Reproduction of study 1 from Chen, Sperandio, and Goodale 2015.

Report Details

articleID <- 6-1-2015 # insert the article ID code here e.g., "10-3-2015"
reportType <- 'pilot' # specify whether this is the 'pilot' report or 'copilot' report
pilotNames <- "Adrian Apaza" # insert the pilot's name here e.g., "Tom Hardwicke".
copilotNames <- "Philip Hernandez" # # insert the co-pilot's name here e.g., "Michael Frank".
pilotTTC <- 250 # insert the pilot's estimated time to complete (in minutes, it is fine to approximate) e.g., 120
copilotTTC <- NA # insert the co-pilot's estimated time to complete (in minutes, it is fine to approximate) e.g., 120
pilotStartDate <- 11/1/19 # insert the piloting start date in US format e.g., as.Date("01/25/18", format = "%m/%d/%y")
copilotStartDate <- NA # insert the co-piloting start date in US format e.g., as.Date("01/25/18", format = "%m/%d/%y")
completionDate <- NA # insert the date of final report completion in US format e.g., as.Date("01/25/18", format = "%m/%d/%y")

Methods summary:

“10 participants were recruited.

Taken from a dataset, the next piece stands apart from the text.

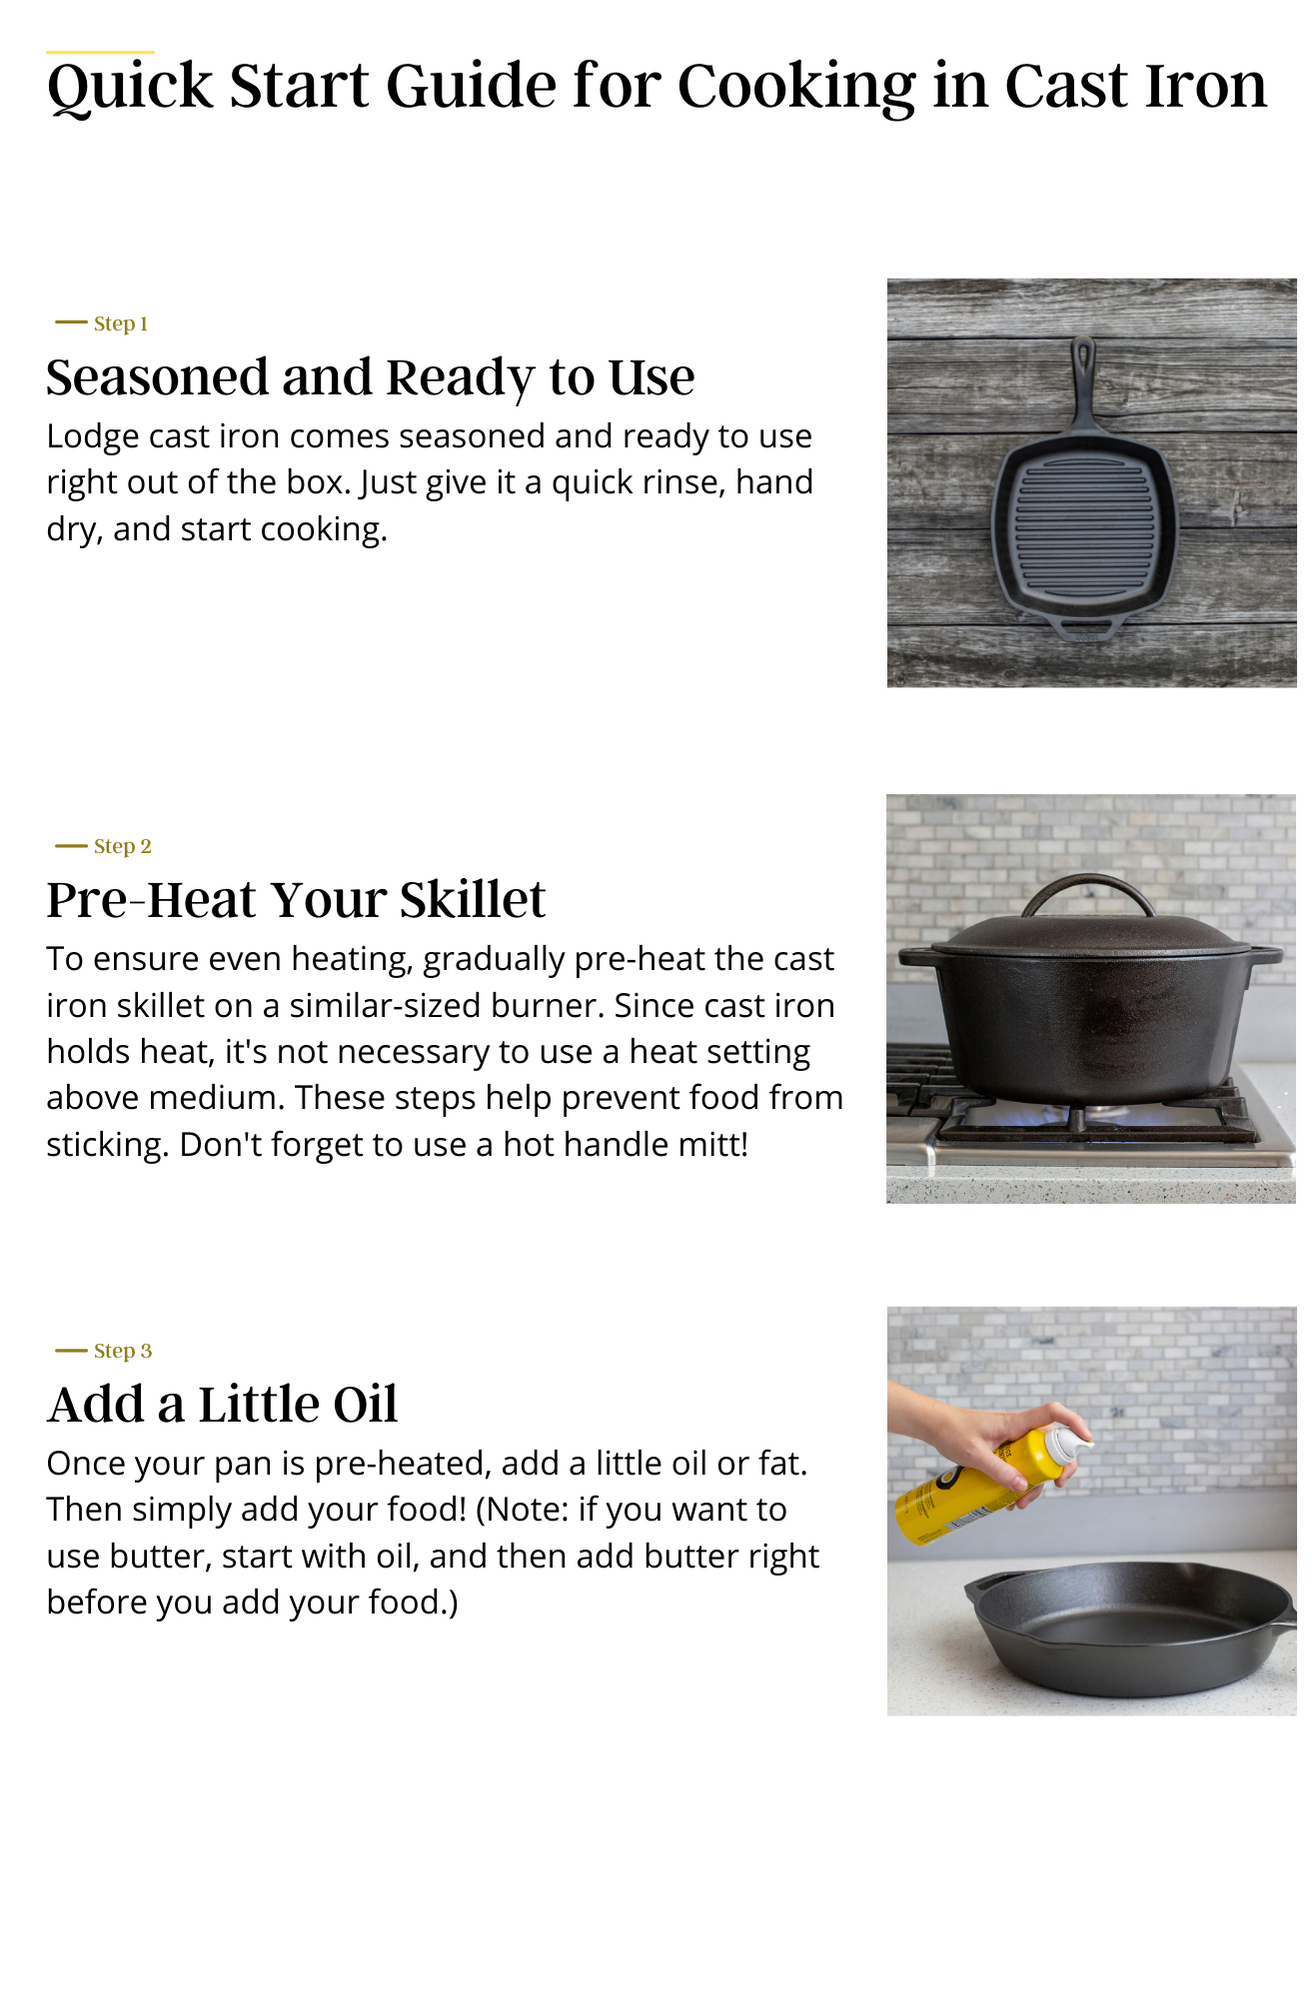 https://cdn11.bigcommerce.com/s-glcv0j2o0v/product_images/uploaded_images/quick-start-guide-for-cooking-in-cast-iron-final.png

Each participant was seated at a table and wearing goggles that may be opened or closed, and the table varied in whether it was cluttered with other disks or not. Two main types of trials were performed. In action trials, participants tried to grasp (grip aperture is DV) the target disk as quickly as possible; in perception tasks they were required to indicate the size of the target disk with their had (manual estimate is DV). Additionally participants may have had the goggles closed (open loop) or open (closed loop) so that they may see thier hand and disks or not. In total for each participant”[t]here were 16 combinations of conditions and target sizes: 2 crowding conditions (crowded or uncrowded) × 2 tasks (grasping or manual estimation) × 2 viewing con- ditions (closed or open loop) × 2 target sizes (3.0 cm or 3.75 cm); each combination was presented 10 times (160 trials in total)."


Target outcomes:

“Experiment 1 was designed to explore the effects of crowding on perception and action, with a particular focus on whether participants could scale their grip aperture to the size of the target even when they could not consciously identify the size of the target. We carried out a four-way repeated measures ANOVA on the manual estimates and PGAs with task (estimation vs. grasping), crowding condition (uncrowded vs. crowded), viewing condition (closed- vs. open-loop), and target size (3.0 vs. 3.75 cm) as main factors. The significant interaction between task and crowding condition, F(1, 9) = 6.818, p = .028, suggested that crowding had different effects on performance of the grasping and manual estimation tasks. Not surprisingly, when the target was presented in isolation, participants were able to manually estimate the sizes of the two targets—and this was true for both closed-loop trials, t(9) = 7.23, p < .001, and open-loop trials, t(9) = 9.19, p < .001. Similarly, participants showed excellent grip scaling for targets presented in isolation on both closed-loop trials, t(9) = 4.29, p = .002, and openloop trials, t(9) = 4.79, p = .001 (Fig. 3). Things were quite different, however, when the target disks were surrounded by flankers. In this condition, participants could no longer discriminate between the two disk sizes using a manual estimate closed-loop trials: t(9) = 1.02, p = .334; open-loop trials: t(9) = 1.78, p = .108?presumably because the size of the target was perceptually invisible. (Note that we use the term invisible to refer to the fact that participants could not identify the size of the target, even though they were aware of its presence and position.) In contrast, when participants were asked to grasp the same targets, their PGAs were still scaled to target size - closed-loop trials: t(9) = 4.21, p = .002; open-loop trials: t(9) = 3.392, p = .008 (Fig. 3).”"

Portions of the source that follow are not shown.